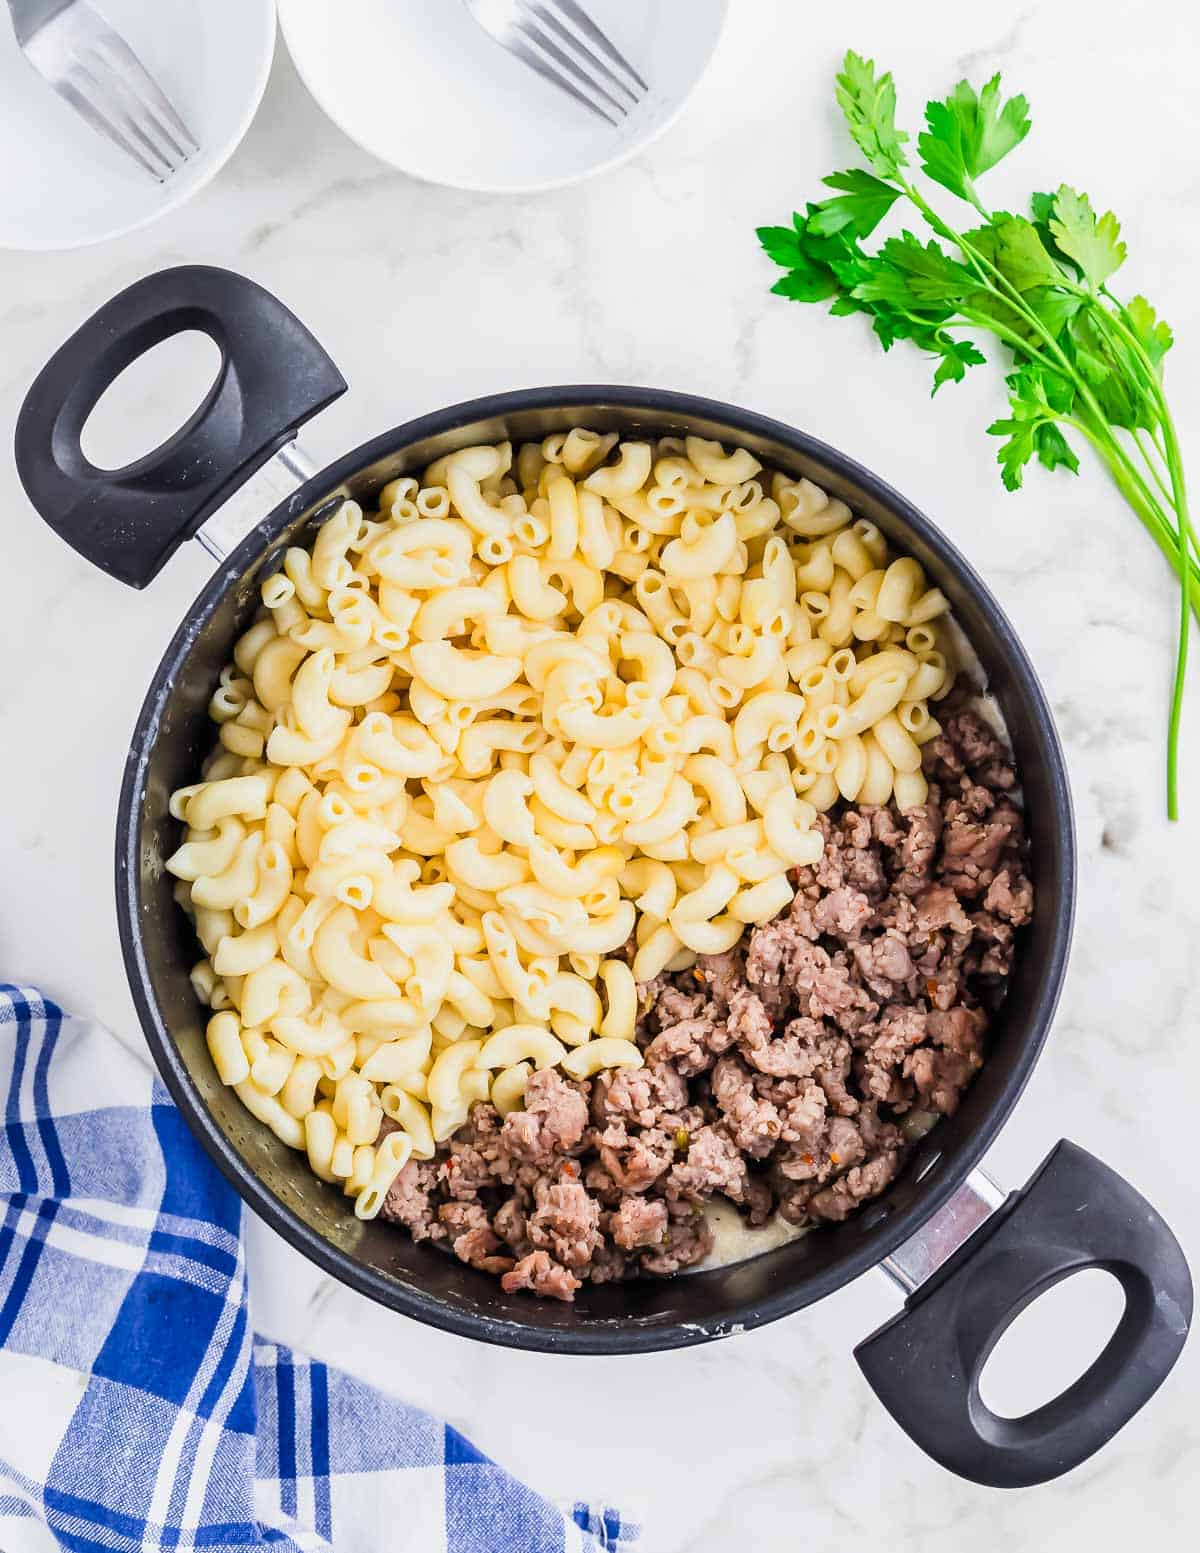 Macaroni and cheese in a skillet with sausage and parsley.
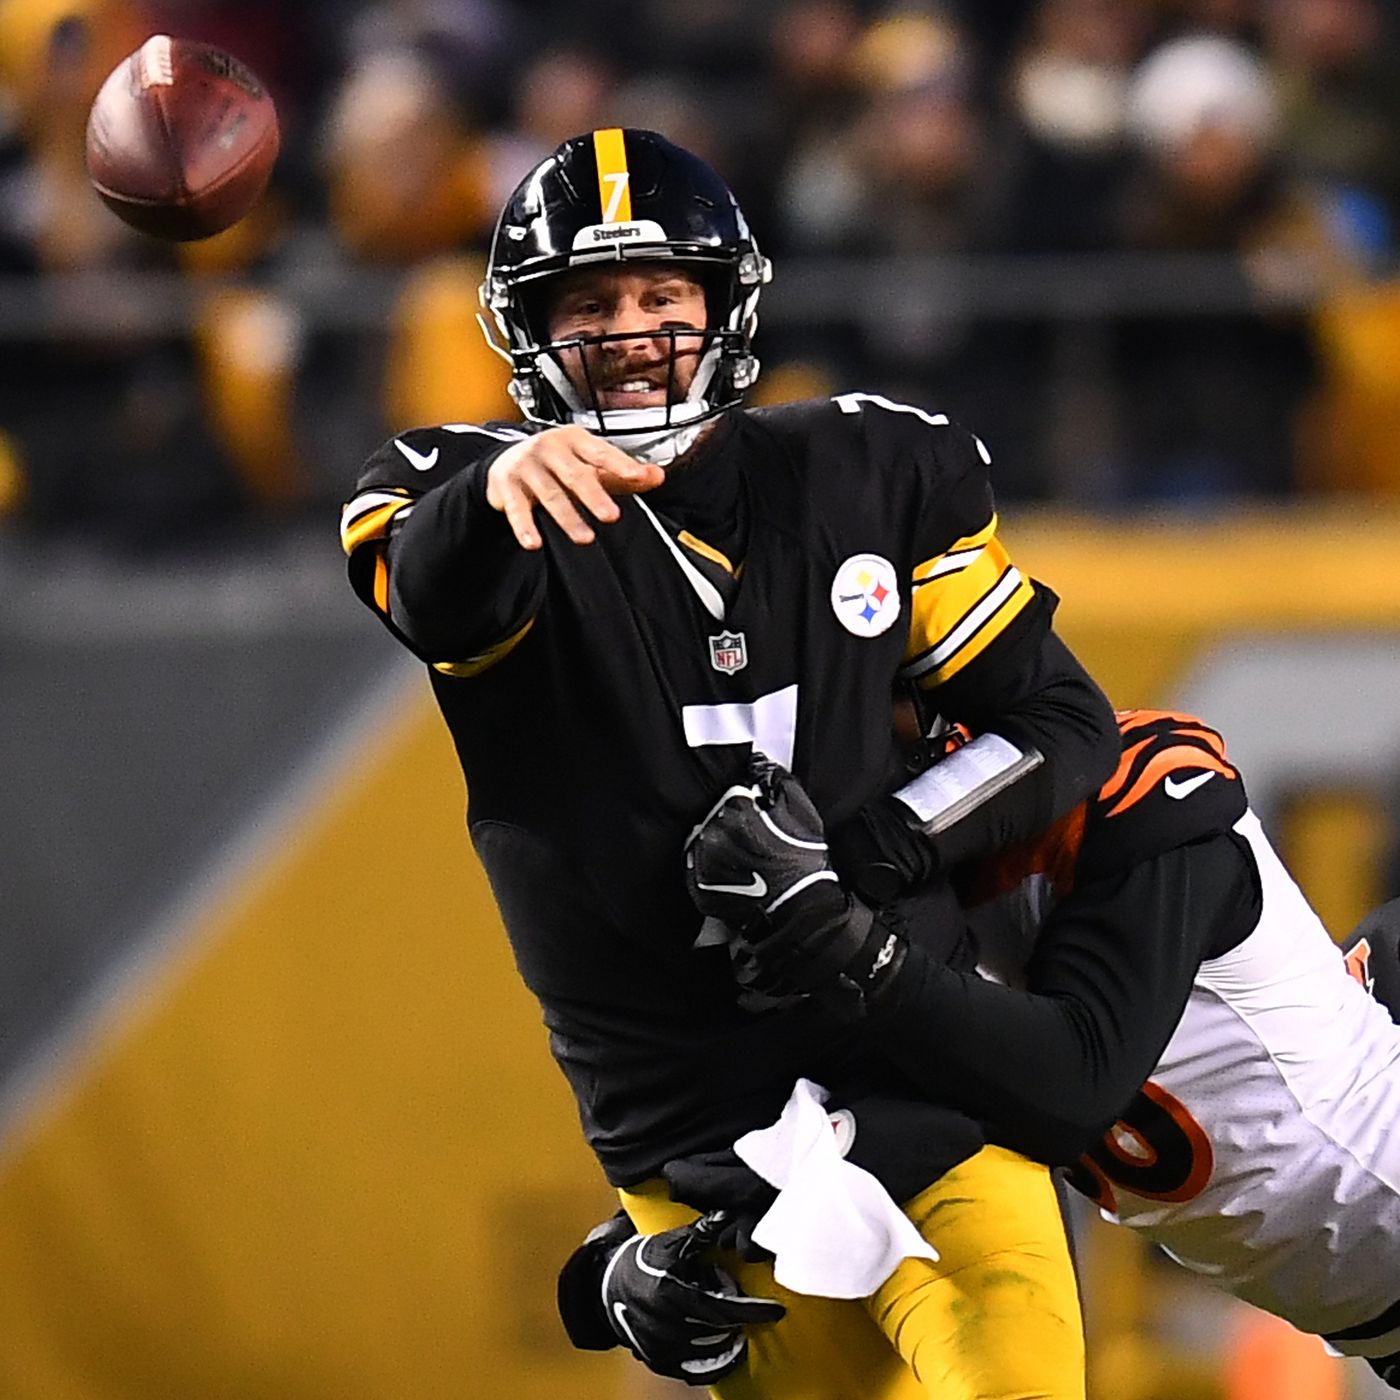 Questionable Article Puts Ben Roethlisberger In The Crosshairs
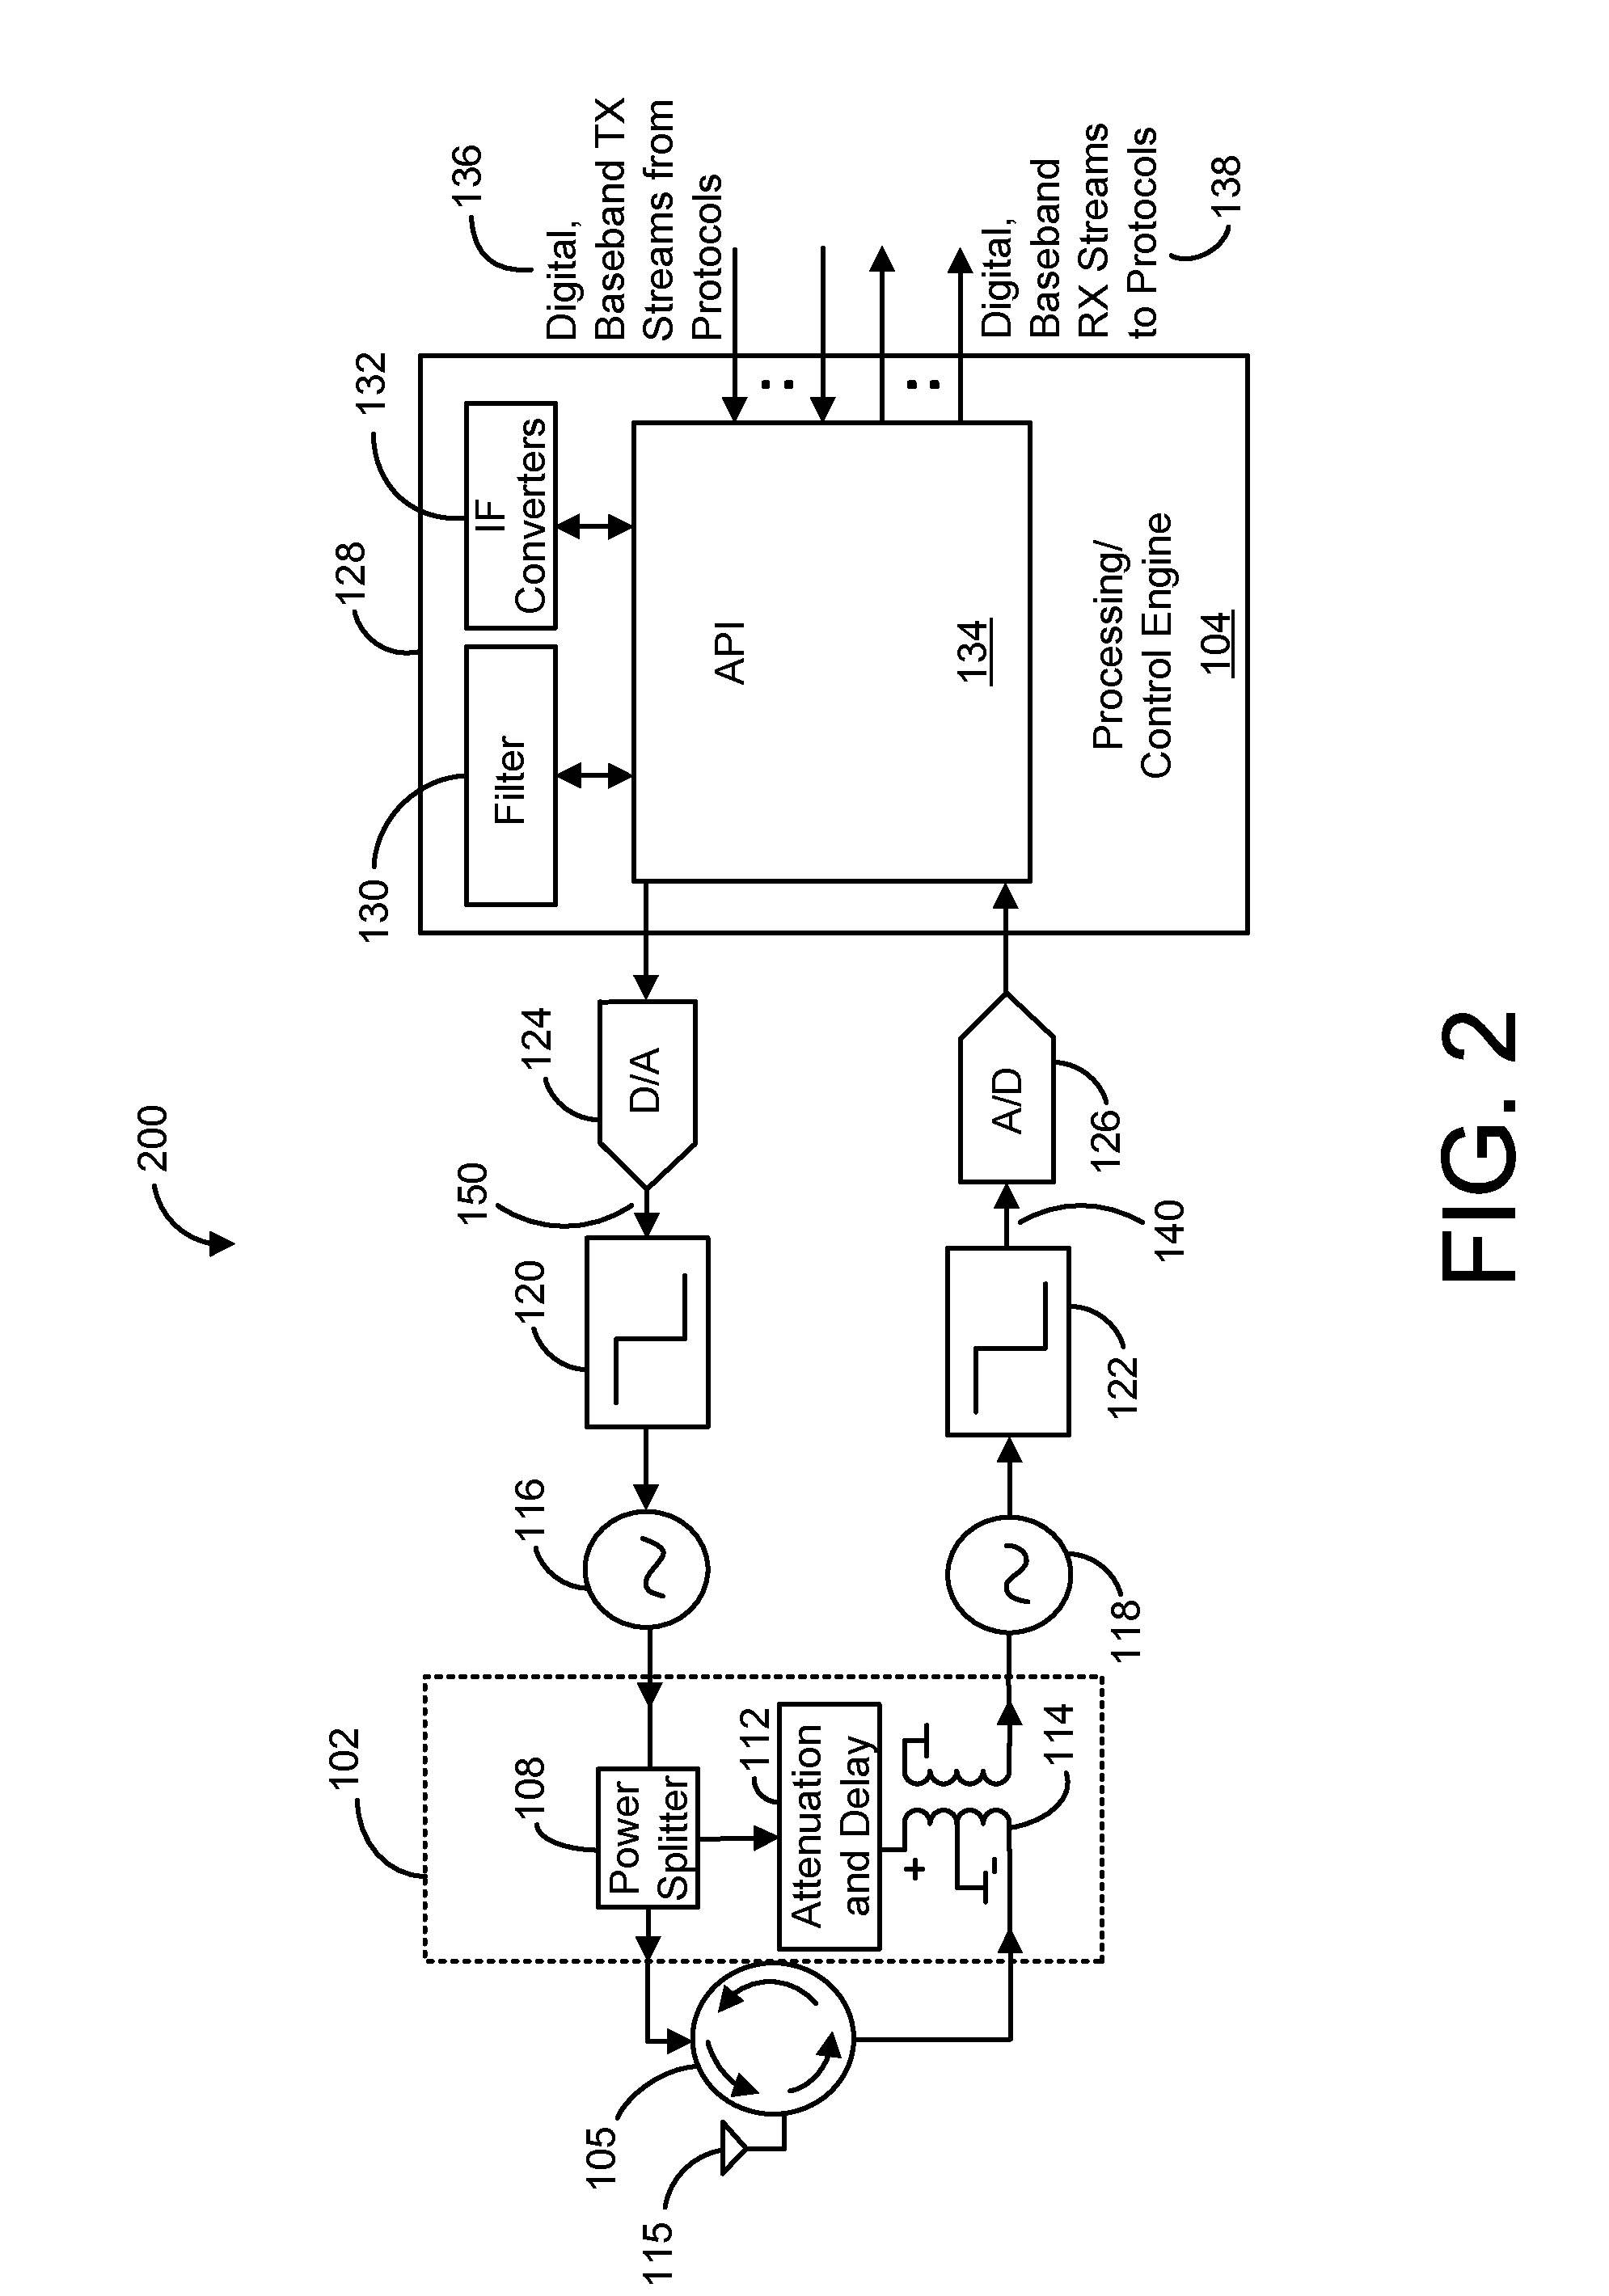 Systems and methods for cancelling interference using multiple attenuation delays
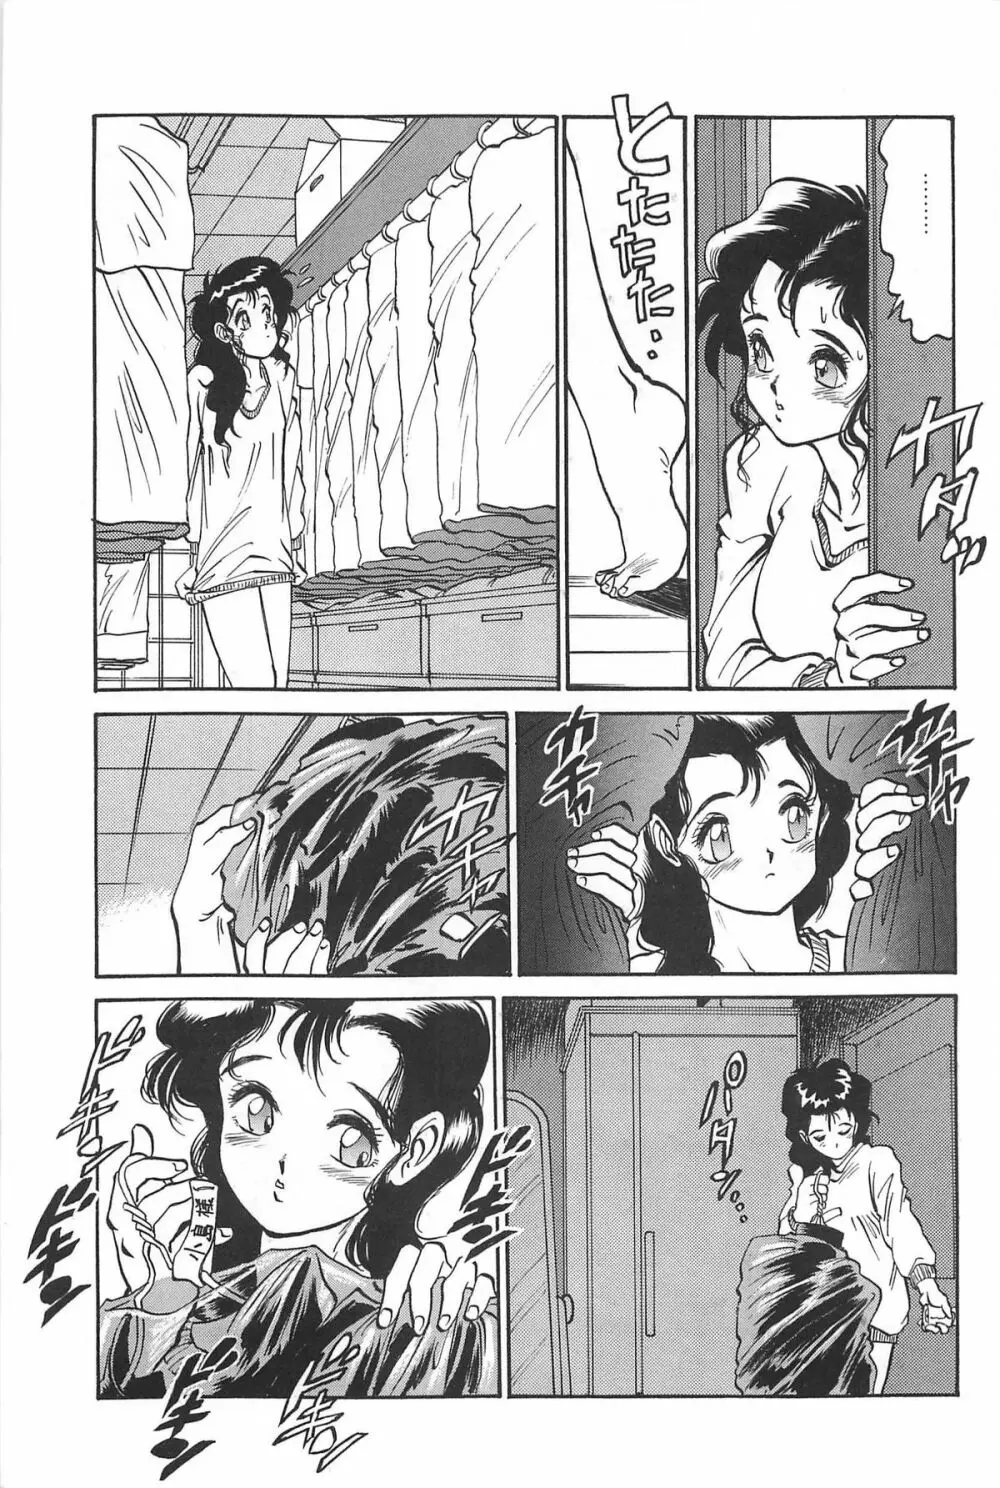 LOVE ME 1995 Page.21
____
HOW TO COMPLETE THIS TASK: Write out everything in the data word for word. Omit each picture.

RESPONSE BOX:
 Macaroni and cheese in a skillet with sausage and parsley.
 Questionable Article Puts Ben Roethlisberger In The Crosshairs
 Systems and methods for cancelling interference using multiple attenuation delays
 LOVE ME 1995 Page.21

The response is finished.